In the 2025 final the whole street including past and present residents are now looking for a new home with the news that a freeway is being built through Ramsey Street. Paul Robinson and Shane Ramsey each come up with a new place Ramsey Hills and Robinson Towers. Before the closing scene Susan, Karl and Paul are stood on Ramsey Street where Susan says she wants to fight to save the street with Karl agreeing and Paul asking “what now” ending leaving it unknown what the outcome will be.

==Reception==
For his portrayal of Shane Ramsay, O'Brien won the 'Most Popular New Talent' award at the 1986 Logie Awards The following year, O'Brien won the 'Most Popular Actor' award. Virgin Media branded the character as a retro soap hunk in a special feature reported on their website, stating: "Shane Ramsay in Neighbours possibly had the best mullet ever seen in soap history. But he was kind and was like an older brother but with the advantages of not being related." They also branded O'Brien as one of Neighbours most popular cast members in the history of the series for his portrayal of Shane. Lorna Cooper of MSN TV listed Shane as one of soap opera's "forgotten characters" and also brands him as Neighbours' "first major hunk".

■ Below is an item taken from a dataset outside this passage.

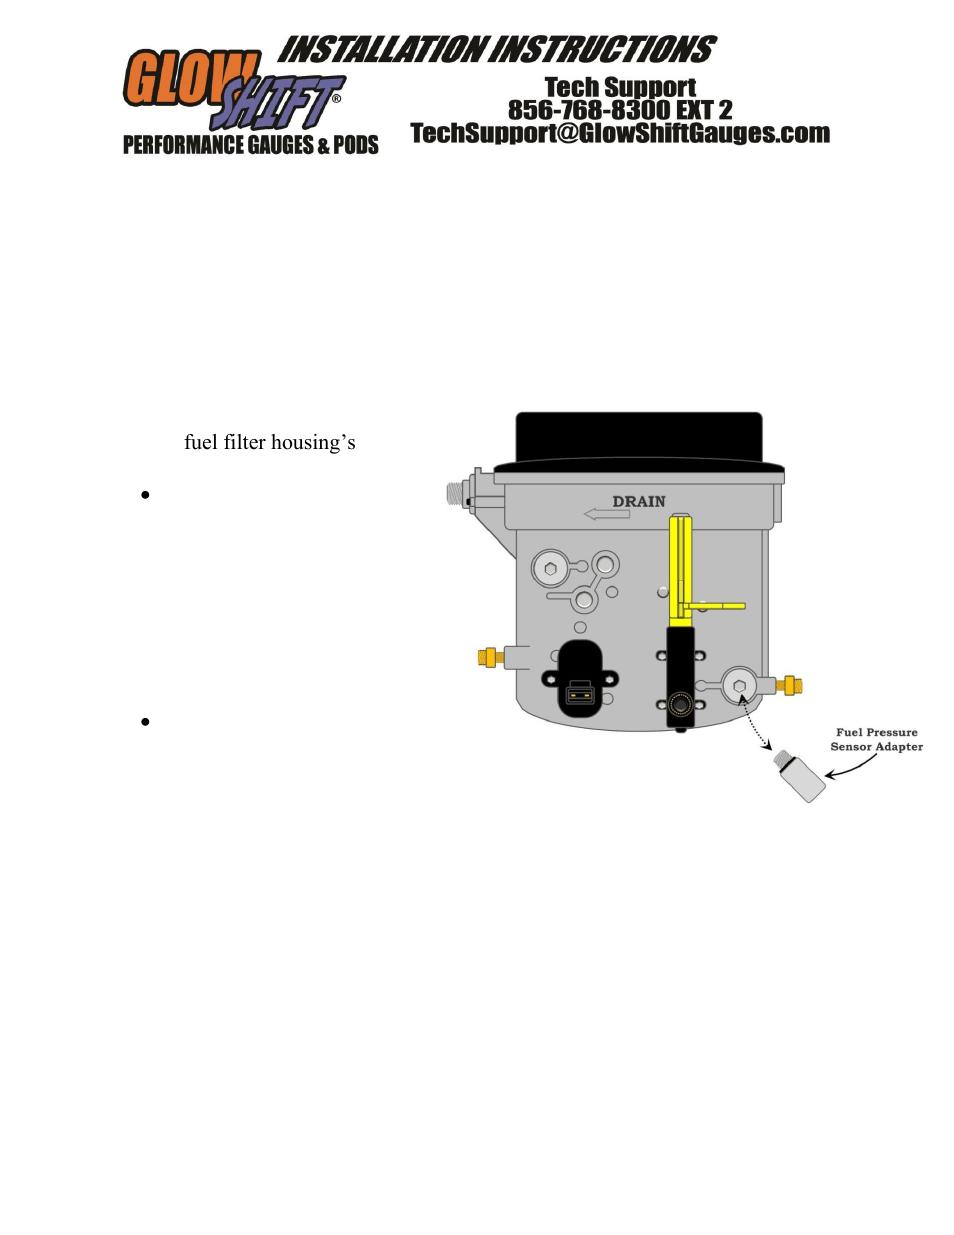 medium resolution of glowshift ford super duty 7 3 powerstroke fuel pressure sensor adapter user manual 1 page

Ruth Deller of television website Lowculture gave Shane a 3.5 out of 5 for his contribution to Neighbours, during a feature called "A guide to recognising your Ramsays and Robinsons". Deller said "The mullet-tastic Shane was the 'housewife's choice' back in the 80s, something that has served actor Peter O'Brien well over the years". She added "He was in love with Daphne (and for a while the actors playing them had a romance in real-life) and was heartbroken when she ended up with Des Clarke".

Telecommunications network Orange profiled past Neighbours characters, in this feature they joke about Shane's most memorable stating: "Being involved in a dramatic car crash, which shattered the talented diver’s dream of competing in the Olympics. Worse still, it meant soap fans never got to see Shane in his Speedos again. Sigh…" In her book "Soap opera", Dorothy Hobson describes Shane and his family as "more working class than other characters", also stating: "They had working-class jobs but were not represented as cloth cap wearing or dowdy, they were bright and modern and representative of a vibrant and working population." Andrew Mercado in his book Super Aussie Soaps brands the Ramsay family as being the backbone of the serial during the early years. Susannah Alexander from Digital Spy called Shane an "iconic character".